• _Work order_:
Exactly reproduce the lines of the listing below from the one containing "cook clipart lady chef" through the one containing "Personnel Records of". Skip the images.

• _The records_:
== Segment start ==

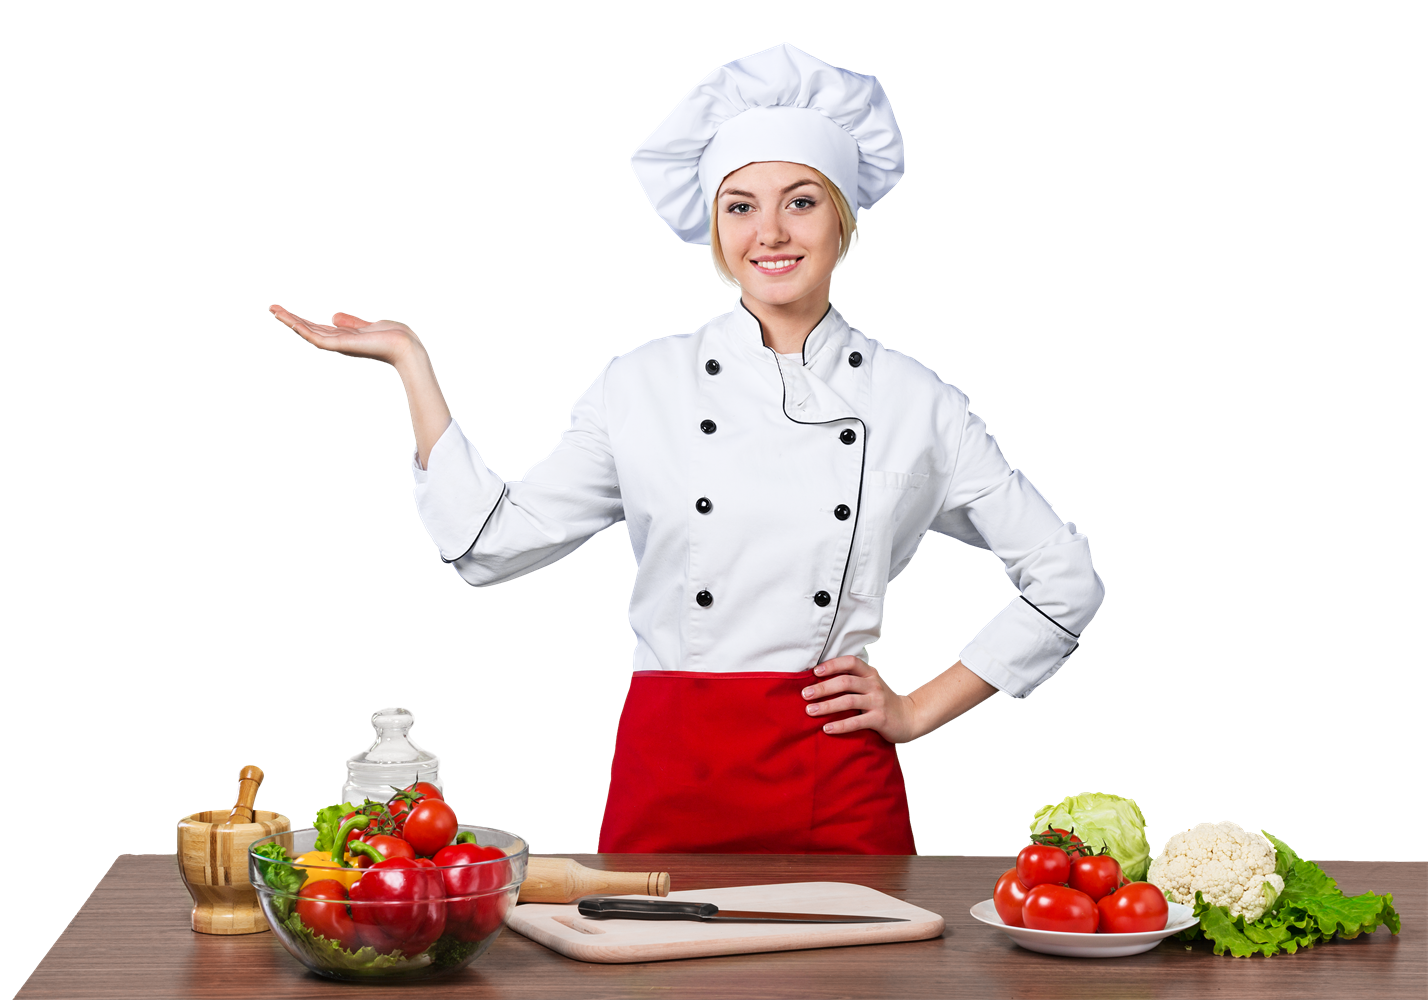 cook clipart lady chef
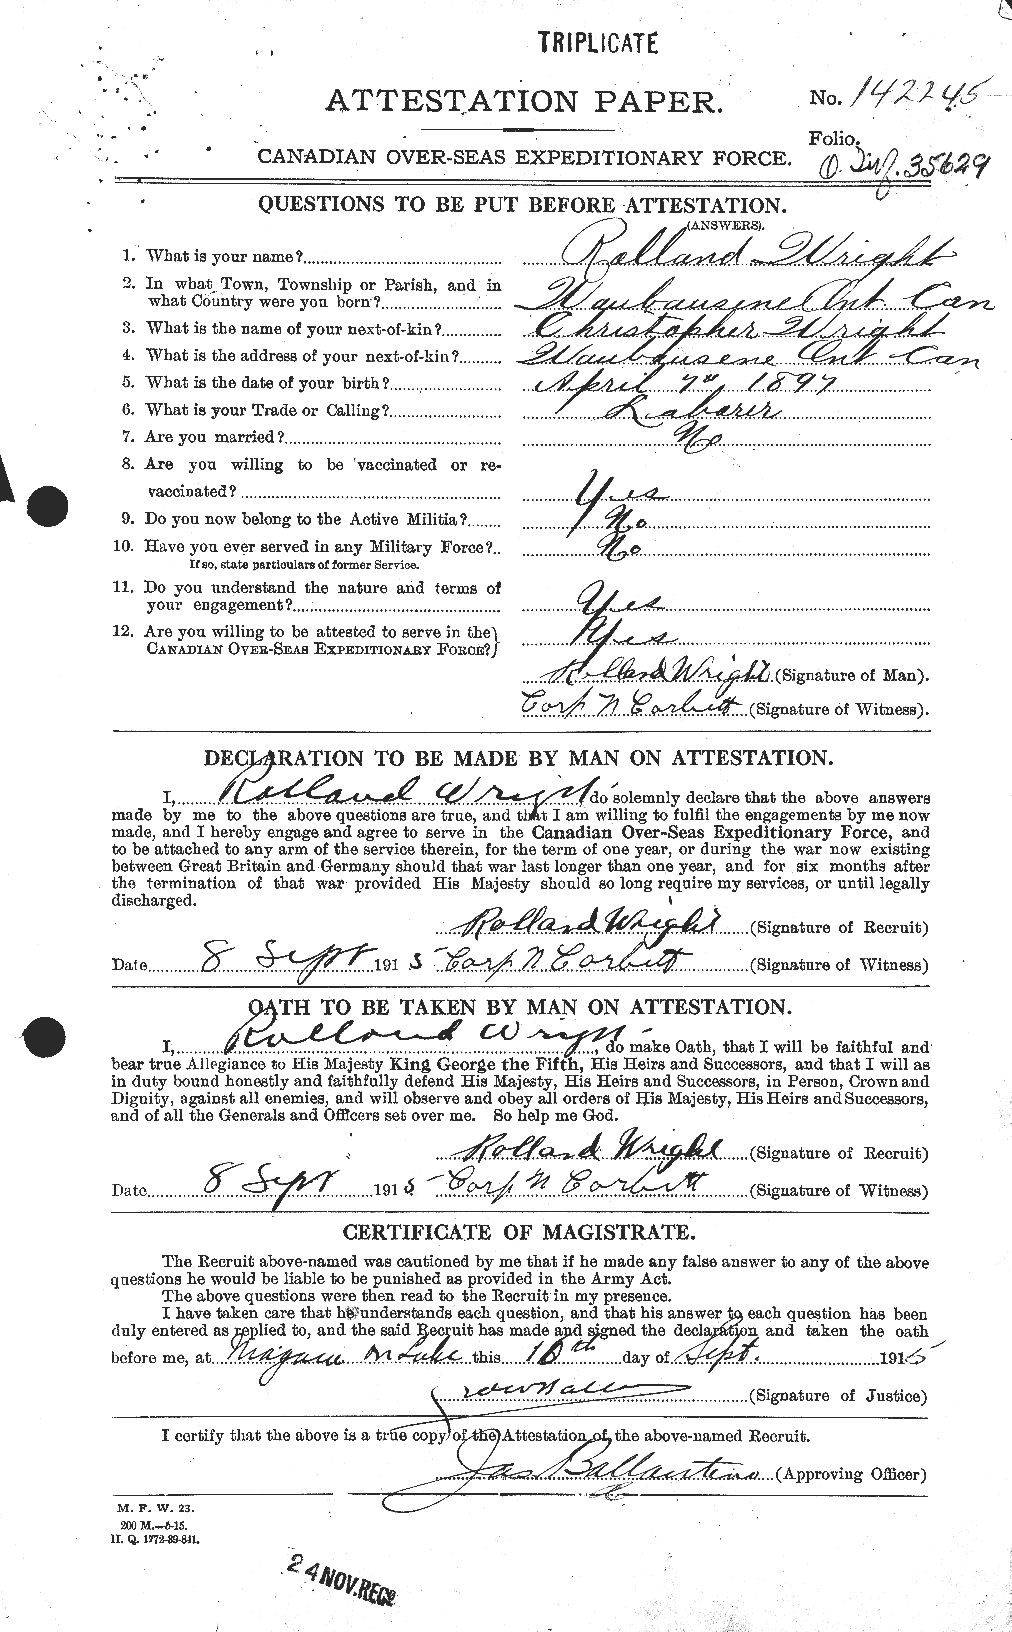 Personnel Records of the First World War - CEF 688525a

== Segment end ==
== Segment start ==

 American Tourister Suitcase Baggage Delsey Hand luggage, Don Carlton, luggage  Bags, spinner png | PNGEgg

== Segment end ==

• _Worked solution_:
 cook clipart lady chef
 Personnel Records of the First World War - CEF 688525a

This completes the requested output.